A: I serve on the University Sustainability Advisory Committee(SAC), and also on the land and water SWAT teams. My background is in ecology and environmental science and horticulture, so my major contributions are in those areas, which address the environmental leg of sustainability. On the practical side, I oversee landscape and natural resources, where our initiatives focus on reducing water consumption for irrigation, reducing our use of chemical pesticides through integrated pest management, and adopting fertilizer practices that minimize impacts on downstream ecosystems. On the academic side, I advance sustainability by incorporating sustainability principles into my introductory environmental science class, and supporting high impact educational opportunities in urban ecology, urban agriculture, and natural resource management through the UCF Arboretum.

Q: How can students get involved in your work?
A: We have many opportunities for student internships and work study positions at the Arboretum and in Landscape and Natural Resources.
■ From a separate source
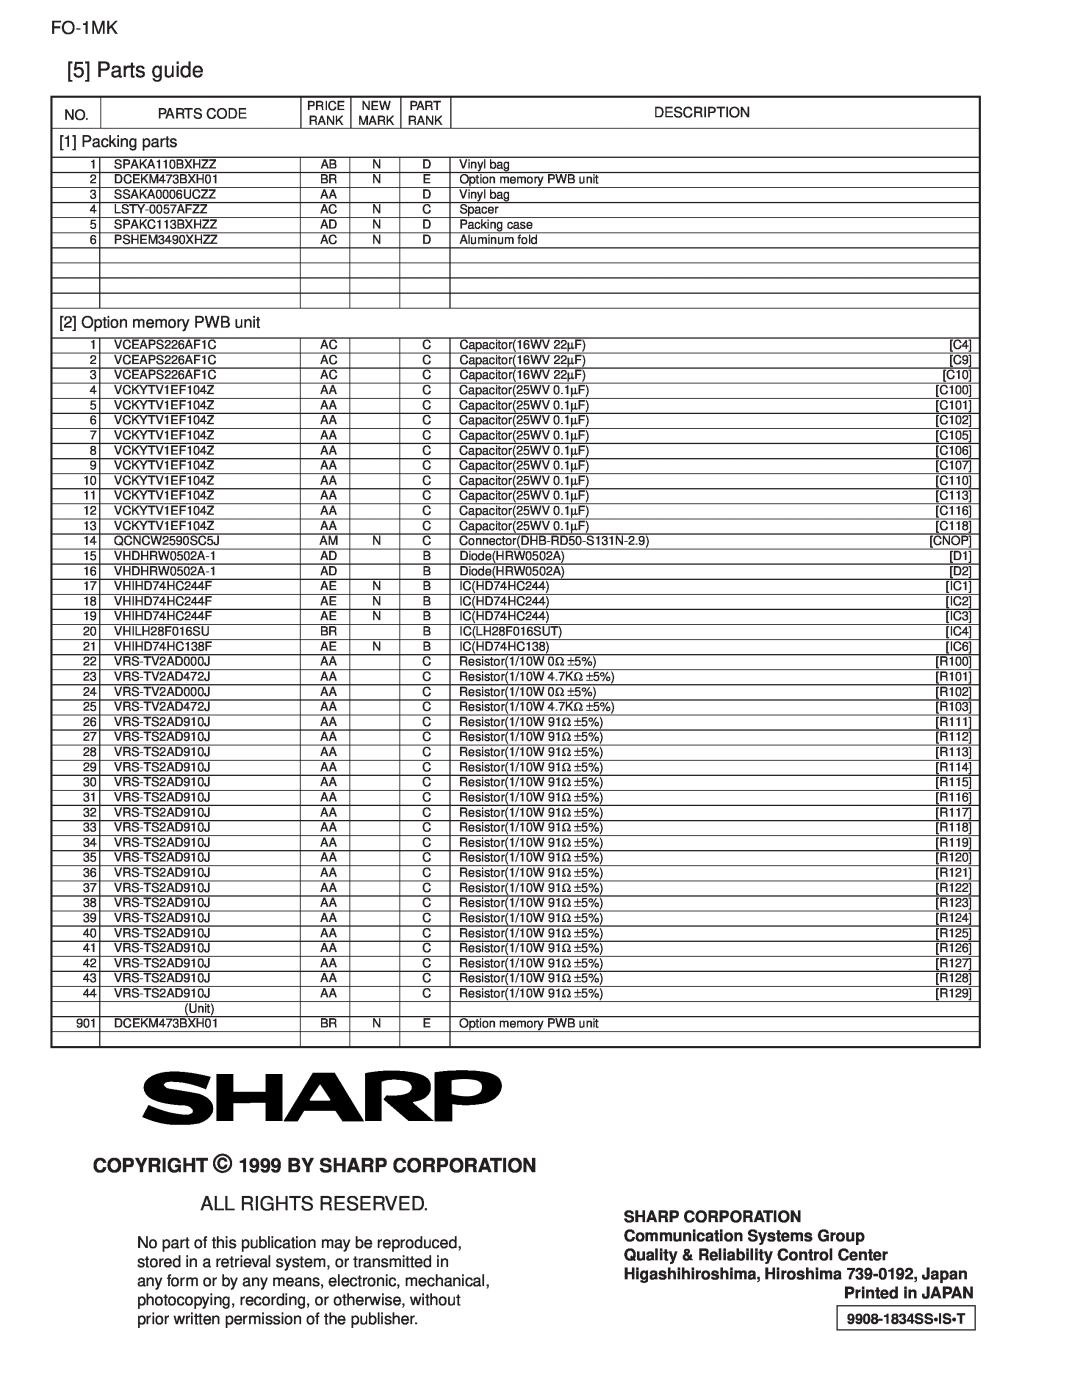 Sharp FO-1MK Parts guide, All Rights Reserved, Packing parts, Option memory PWB unit, COPYRIGHT 1999 BY SHARP CORPORATION 
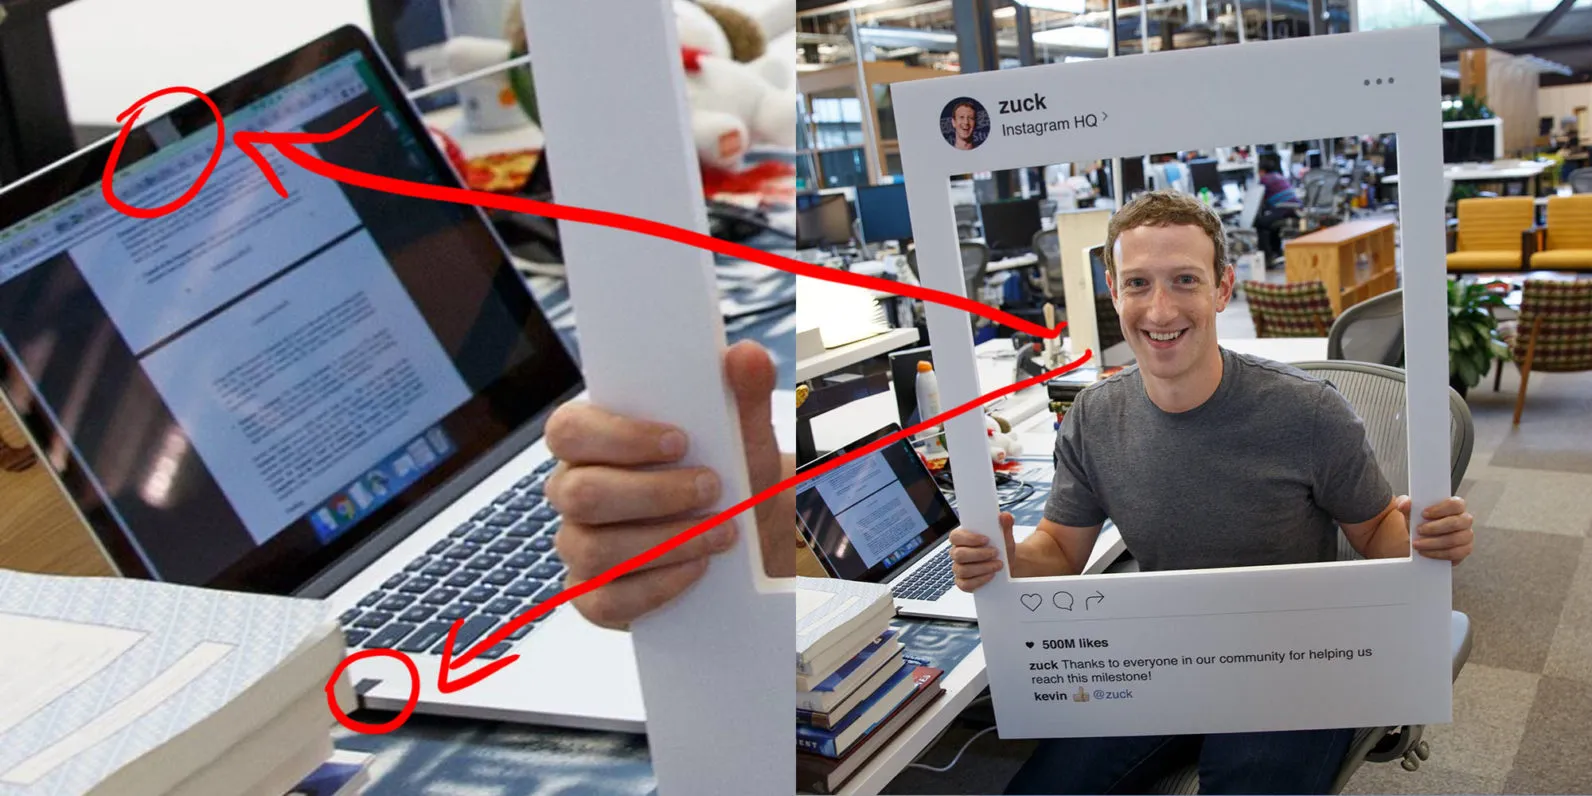 Mark Zuckerberg smiling while the camera picks up in the background a cover on his laptop webcam and microphone

We also support a limited number of directed independent study and undergraduate research opportunities through the Arboretum.

Q: What is your vision for sustainability?
A: One of the areas that seems to get lost in the sustainability discussion is the challenge of sustaining our ecological systems, in particular the impacts of human development on biodiversity. I would like to see sustainability programs place more explicit emphasis on sustaining biodiversity which requires that we place much more emphasis on how we manage natural systems and how we can design and build human systems in a way that enhances biodiversity to the maximum extent possible. Since much of the built environment involves replacing and altering natural systems, this remains a major challenge. There are many ways this can be accomplished, but the metrics are not as easily understood as things like reducing energy consumption and water use.

Q: What is one sustainable practice you do that you would suggest to students and faculty?
A: Reduce your energy consumption. Of course there is more than one way to do that, but if you use it as an organizing principle, you can have a big impact.